Make an appointment with your primary care physician if you believe you’re struggling with PCOS. It’s not difficult to diagnose, and from there, we can work with you to improve your wellness and hormone health through targeted dietary interventions. 

This is not an easy condition, but it can be managed. You are not alone!

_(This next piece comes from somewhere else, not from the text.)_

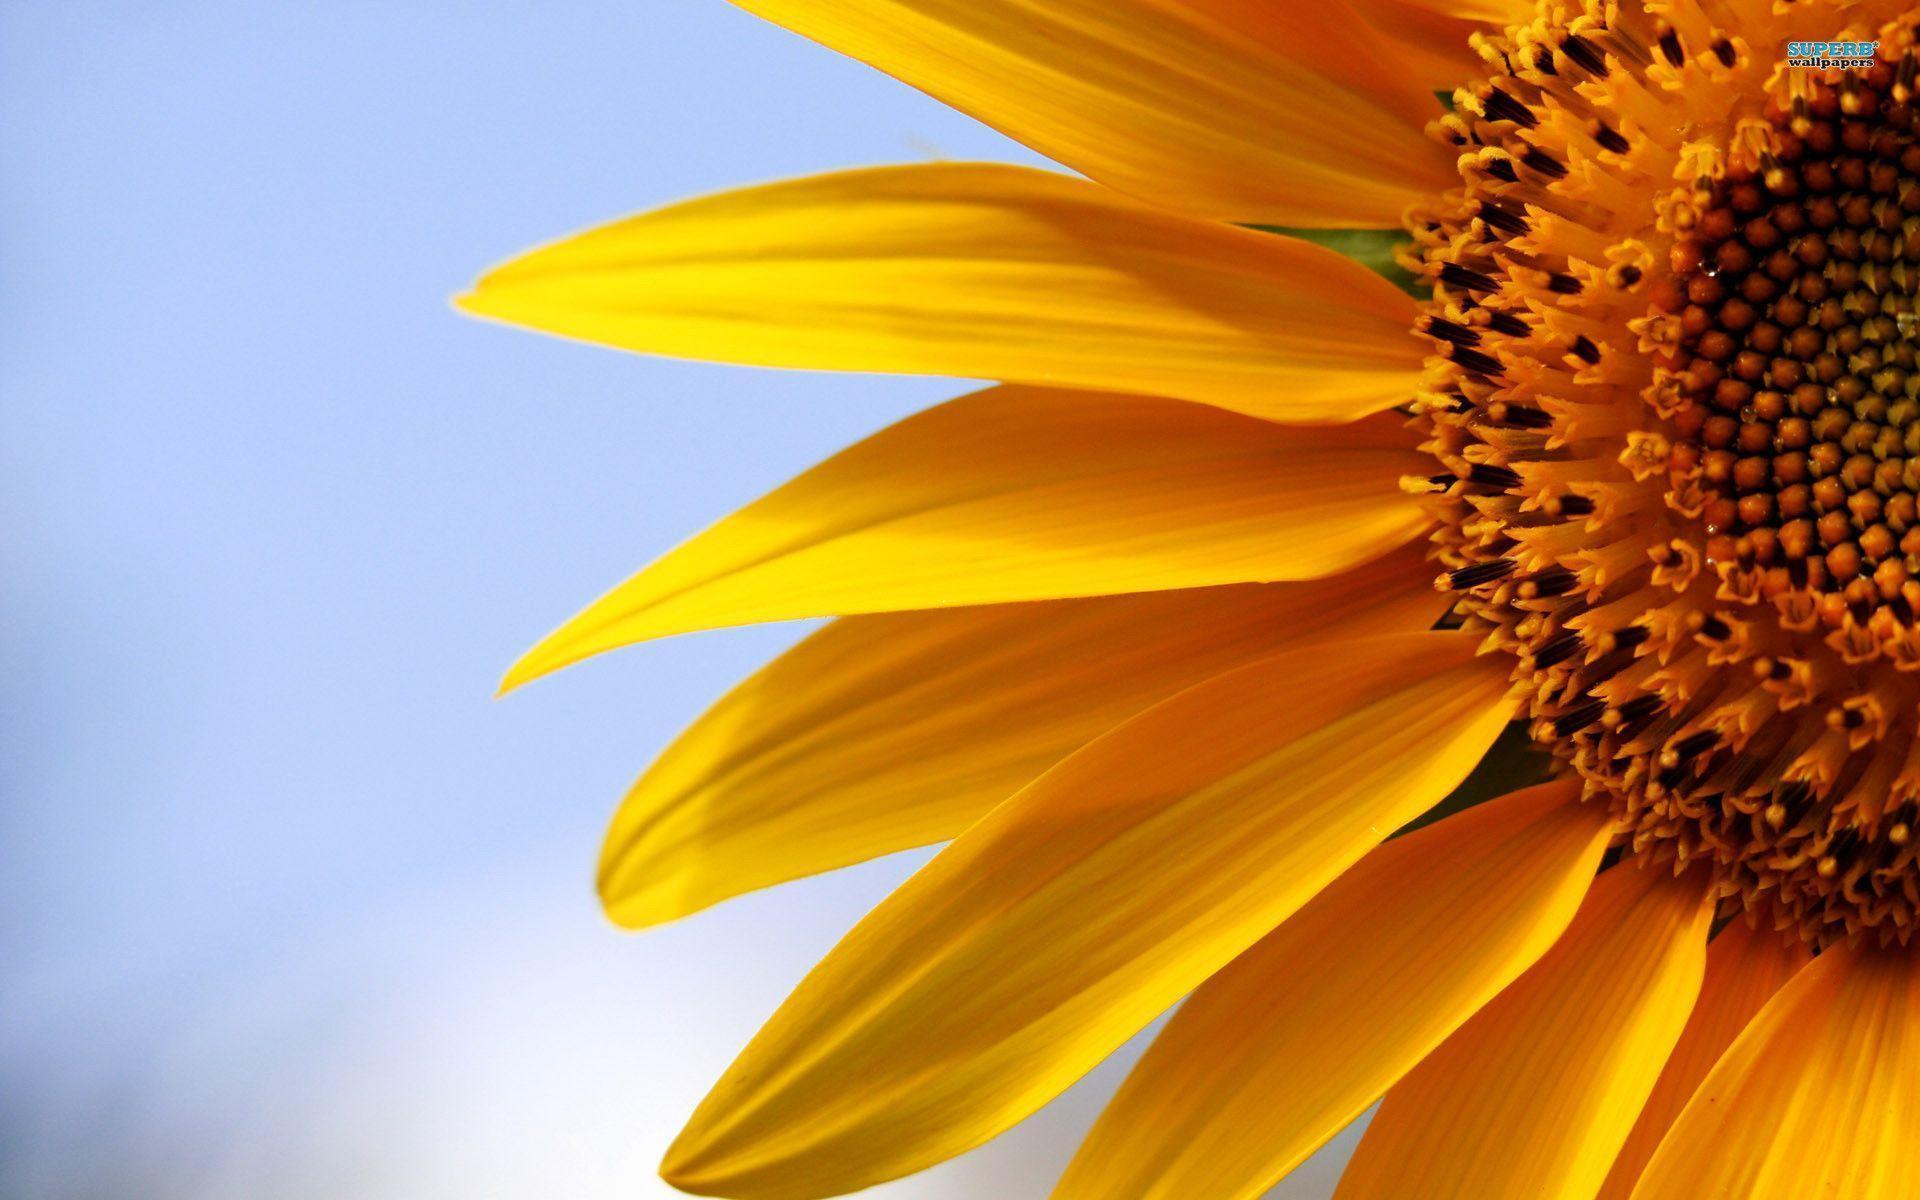 Hình nền hoa hướng dương với sự kết hợp hài hòa giữa màu vàng và muôn sắc hoa tươi mang lại cảm giác sảng khoái và mới mẻ cho bạn. Để tận hưởng vẻ đẹp tuyệt vời này, truy cập trang web của chúng tôi ngay hôm nay và tải xuống những hình nền tuyệt đẹp này!

Delicious Lunch Ideas to Implement in Your PCOS Diet Plan

Quinoa Salad with Grilled Chicken:



  • 1 cup cooked quinoa
  • 1 grilled chicken breast, sliced
  • 1 cup mixed greens (spinach, arugula, kale)
  • 1/2 cup cherry tomatoes, halved
  • 1/4 cup cucumber, diced
  • 1/4 cup bell pepper, diced
  • 2 tablespoons crumbled feta cheese
  • 1 tablespoon olive oil
  • 1 tablespoon balsamic vinegar
  • Salt and pepper to taste



  1. In a large bowl, combine the cooked quinoa, mixed greens, cherry tomatoes, cucumber, bell pepper, and grilled chicken slices.
  2. In a small bowl, whisk together the olive oil and balsamic vinegar to make the dressing.
  3. Pour the dressing over the salad and toss until well combined.
  4. Sprinkle the crumbled feta cheese on top of the salad.
  5. Season with salt and pepper to taste.
  6. Serve immediately or refrigerate for later.


Salmon and Avocado Wrap:



  • 1 whole grain or gluten-free wrap
  • 4 oz grilled or baked salmon fillet
  • 1/4 avocado, sliced
  • 1/4 cup shredded carrots
  • 1/4 cup baby spinach leaves
  • 2 tablespoons hummus
  • 1 tablespoon Greek yogurt
  • 1 teaspoon lemon juice
  • Salt and pepper to taste



  1. Lay the wrap flat on a clean surface.
  2. Spread the hummus evenly over the wrap.
  3. Place the grilled or baked salmon fillet in the center of the wrap.
  4. Top the salmon with sliced avocado, shredded carrots, and baby spinach leaves.
  5. In a small bowl, mix together the Greek yogurt and lemon juice to make the sauce.
  6. Drizzle the sauce over the ingredients in the wrap.
  7. Season with salt and pepper to taste.
  8. Roll up the wrap tightly, folding in the sides as you go.
  9. Cut the wrap in half diagonally and serve immediately.